Improvements to the Cache Hierarchy

The biggest under-the-hood change for the Ryzen 2000-series processors is in the cache latency. AMD is claiming that they were able to knock one-cycle from L1 and L2 caches, several cycles from L3, and better DRAM performance. Because pure core IPC is intimately intertwined with the caches (the size, the latency, the bandwidth), these new numbers are leading AMD to claim that these new processors can offer a +3% IPC gain over the previous generation.

The numbers AMD gives are:

  • 13% Better L1 Latency (1.10ns vs 0.95ns)
  • 34% Better L2 Latency (4.6ns vs 3.0ns)
  • 16% Better L3 Latency (11.0ns vs 9.2ns)
  • 11% Better Memory Latency (74ns vs 66ns at DDR4-3200)
  • Increased DRAM Frequency Support (DDR4-2666 vs DDR4-2933)

It is interesting that in the official slide deck AMD quotes latency measured as time, although in private conversations in our briefing it was discussed in terms of clock cycles. Ultimately latency measured as time can take advantage of other internal enhancements; however a pure engineer prefers to discuss clock cycles.

Naturally we went ahead to test the two aspects of this equation: are the cache metrics actually lower, and do we get an IPC uplift?

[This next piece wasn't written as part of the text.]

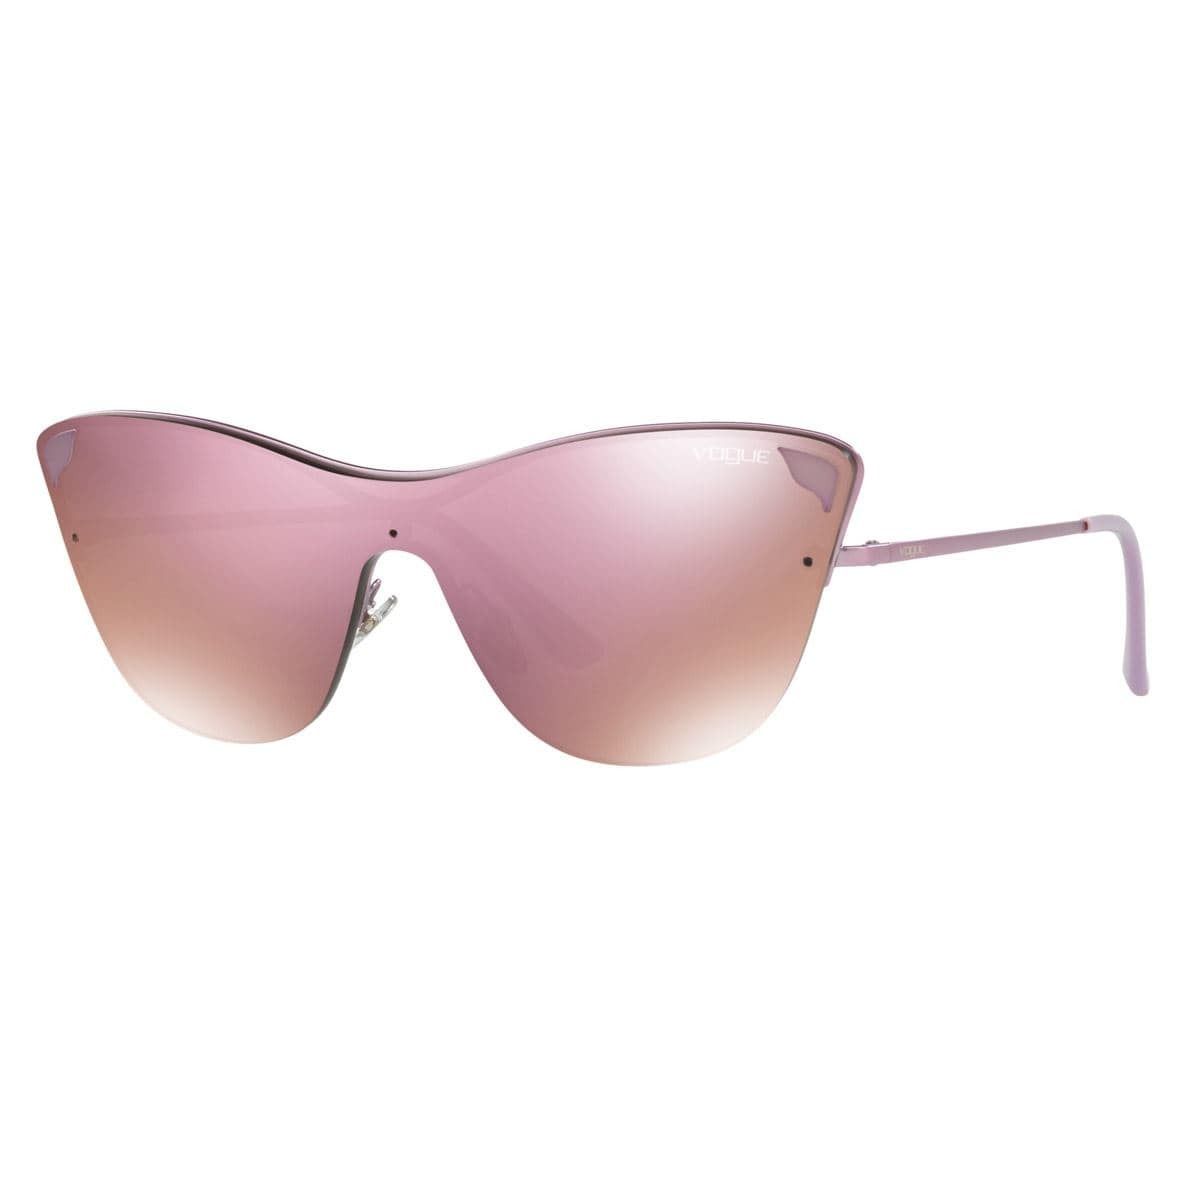 321e77129f Vogue Rosa-marrón Espejado Armazón Rosa Mate - $ 3,244.00 en Mercado ...

Cache Me Ousside, How Bow Dah?

For our testing, we use a memory latency checker over the stride range of the cache hierarchy of a single core. For this test we used the following:

  • Ryzen 7 2700X (Zen+)
  • Ryzen 5 2400G (Zen APU)
  • Ryzen 7 1800X (Zen)
  • Intel Core i7-8700K (Coffee Lake)
  • Intel Core i7-7700K (Kaby Lake)

The most obvious comparison is between the AMD processors. Here we have the Ryzen 7 1800X from the initial launch, the Ryzen 5 2400G APU that pairs Zen cores with Vega graphics, and the new Ryzen 7 2700X processor.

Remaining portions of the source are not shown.